Instructions to follow » Below are entries. Copy exactly the lines running from the line that holds "McDonalds Dick Tracy" to the line that holds "Matteo Borelli", with both ends included.

Excerpted data »
___

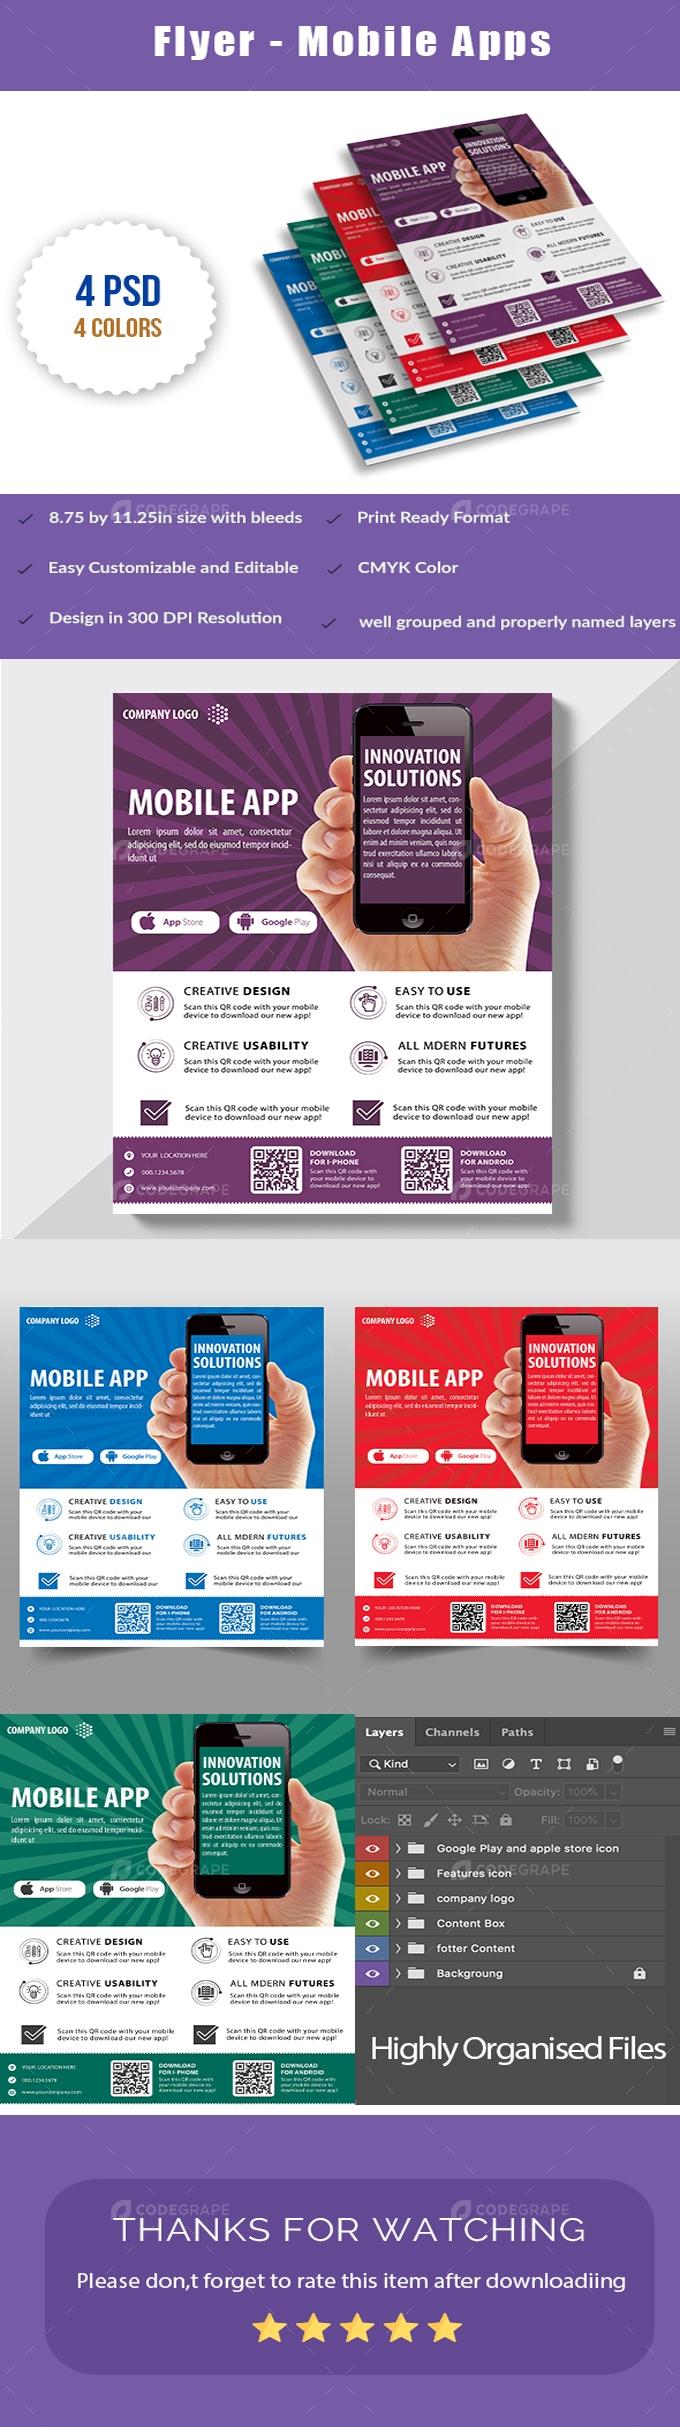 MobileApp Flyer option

___

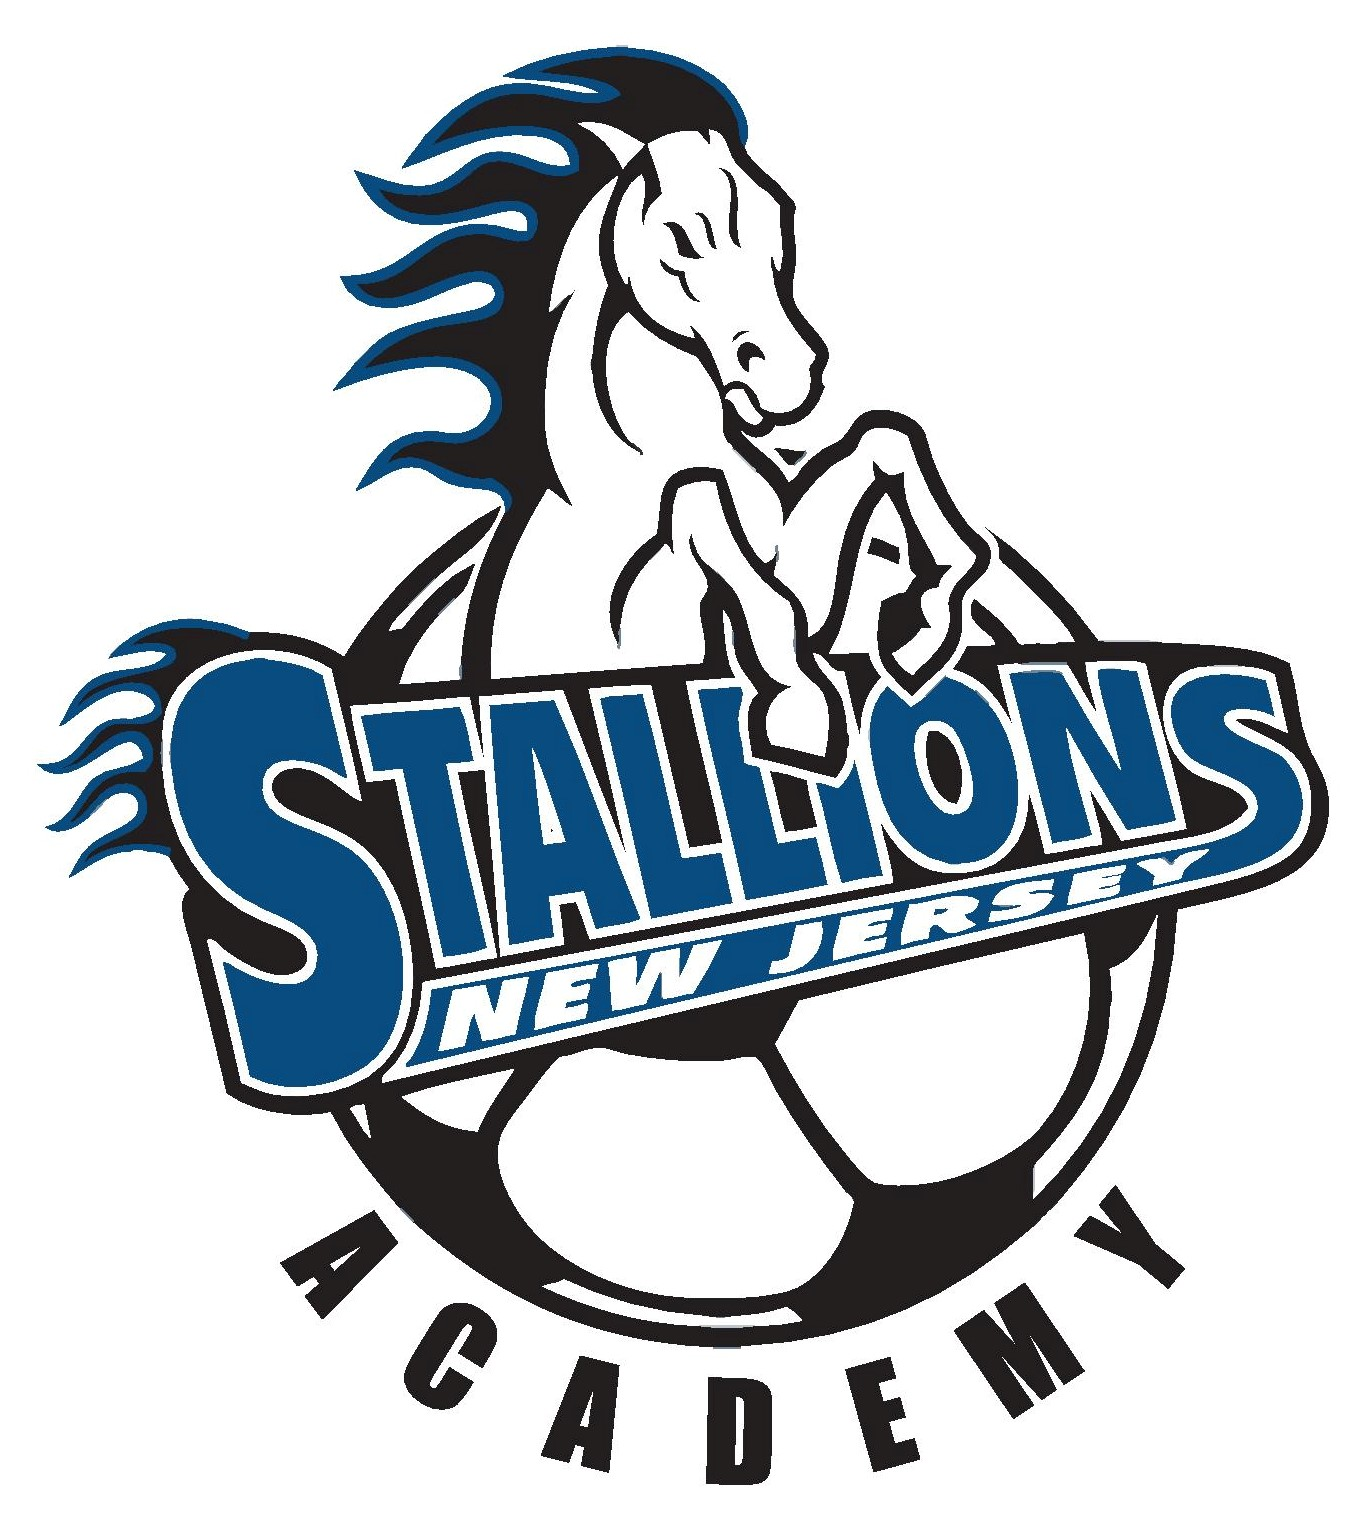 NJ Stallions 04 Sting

___

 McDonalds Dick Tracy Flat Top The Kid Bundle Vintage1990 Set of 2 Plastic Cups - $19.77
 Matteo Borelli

___

Output for this exercise »
 McDonalds Dick Tracy Flat Top The Kid Bundle Vintage1990 Set of 2 Plastic Cups - $19.77
 Matteo Borelli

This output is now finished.